The biggest casualty of Donald Trump’s trade war with China appears to be U.S. tourism. That’s because China has apparently stopped exporting tourists to the United States.
At least that’s the conclusion of a new study conducted and released by Pennsylvania-based Tourism Economics (TE), which shows tourist arrivals from China to the U.S. in 2018 dropped a staggering 5.7 per cent.
To make matters worse, the study says arrivals from China in the first six months of 2019 dropped another 2.2 per cent.
This is costing the U.S. tourism industry billions in lost revenue - an $11 billion (U.S.) decline in 2018 from Chinese tourists alone, according to the study.
Tourism represents 11 per cent of the country's total trade surplus of $77.4 billion.
Last year, international tourism generated $197 billion for the U.S. economy.
It’s not just the Chinese staying away from Donald Trump’s America, though. Canadian arrivals in the U.S. have slipped 9 per cent since its peak in 2013, according to sources.
To make matters worse, the U.S. Travel Association recently released a report predicting the United States’ share of the worldwide tourism market is dropping dramatically, down almost a full percentage point in 2018 from 2017.
All this at a time when other countries are experiencing over tourism. Germany, for instance, recently reported an impressive 3.3 per cent increase in tourist arrivals in June (2018) alone. Germany saw an increase of 5.6 per cent from China in 2018.
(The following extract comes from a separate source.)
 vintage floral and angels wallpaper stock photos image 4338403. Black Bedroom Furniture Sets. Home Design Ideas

Trump’s racist rhetoric, tougher immigration policies, regulations regarding travel and the ongoing gun violence in the U.S. have combined to blot America’s long-standing image as a welcoming nation.
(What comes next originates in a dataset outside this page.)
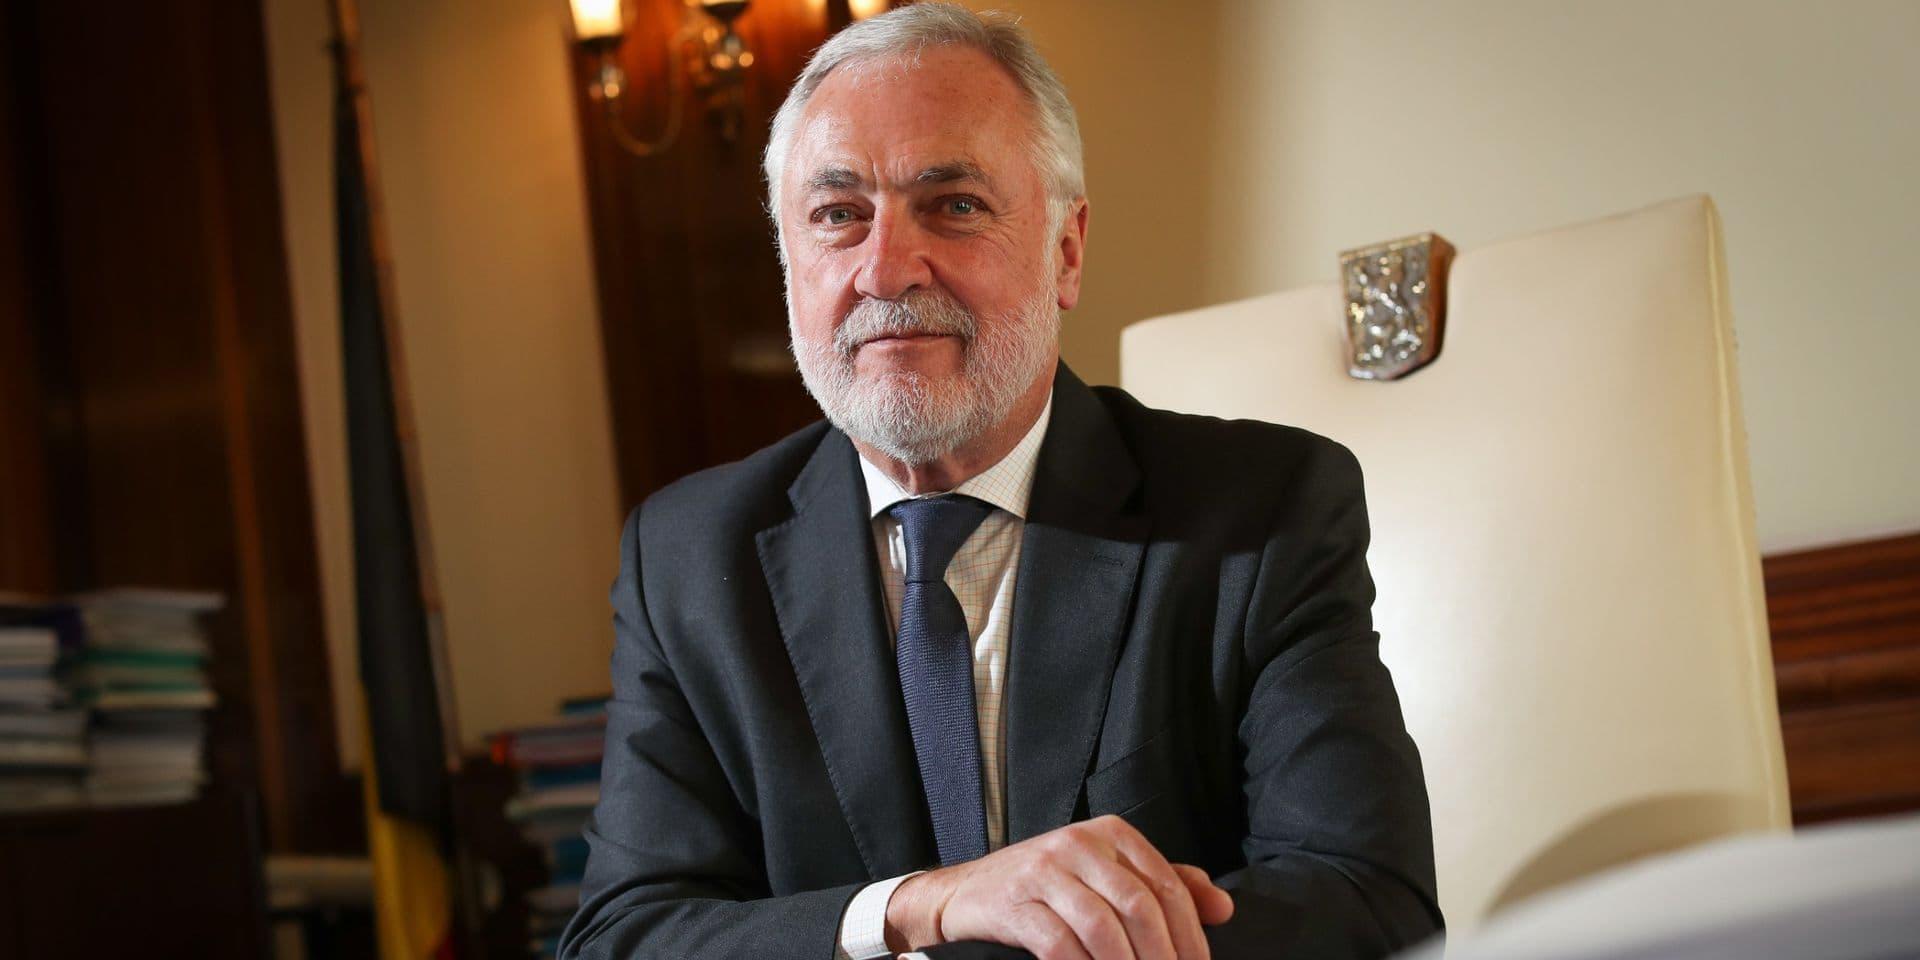 Demande de levée d'immunité parlementaire contre l'ancien bourgmestre de Koekelberg Philippe Pivin

The current downturn in U.S. tourism has been dubbed the “Trump Slump” and experts say overall arrivals to America from elsewhere increased just 2 per cent in 2018, one of the smallest upticks in recent memory.
Above: Chinese tourists have added billions to the U.S. economy.
It’s the dramatic decline in Chinese arrivals that really worries the U.S. travel industry, though. The 2018 drop-off comes after an average annual growth of 23 per cent from China over the previous decade, according to the TE report.
Similarly, arrivals to the U.S. from South Korea fell 3 per cent after averaging 11 per cent growth over the previous 10 years. Arrivals to the U.S. from Japan and Germany also contracted in 2018.
The study by Tourism Economics represents the worst U.S. tourism numbers since 2015 and is yet another blow to an industry beset by labour shortages thanks to Trump’s new rules restricting the import of seasonal workers from overseas.
"The outlook for international inbound travel remains lacklustre, suggesting that a further loss of global market share is in the cards for the U.S. in 2019," says David Huether, senior vice-president for Research at U.S. Travel.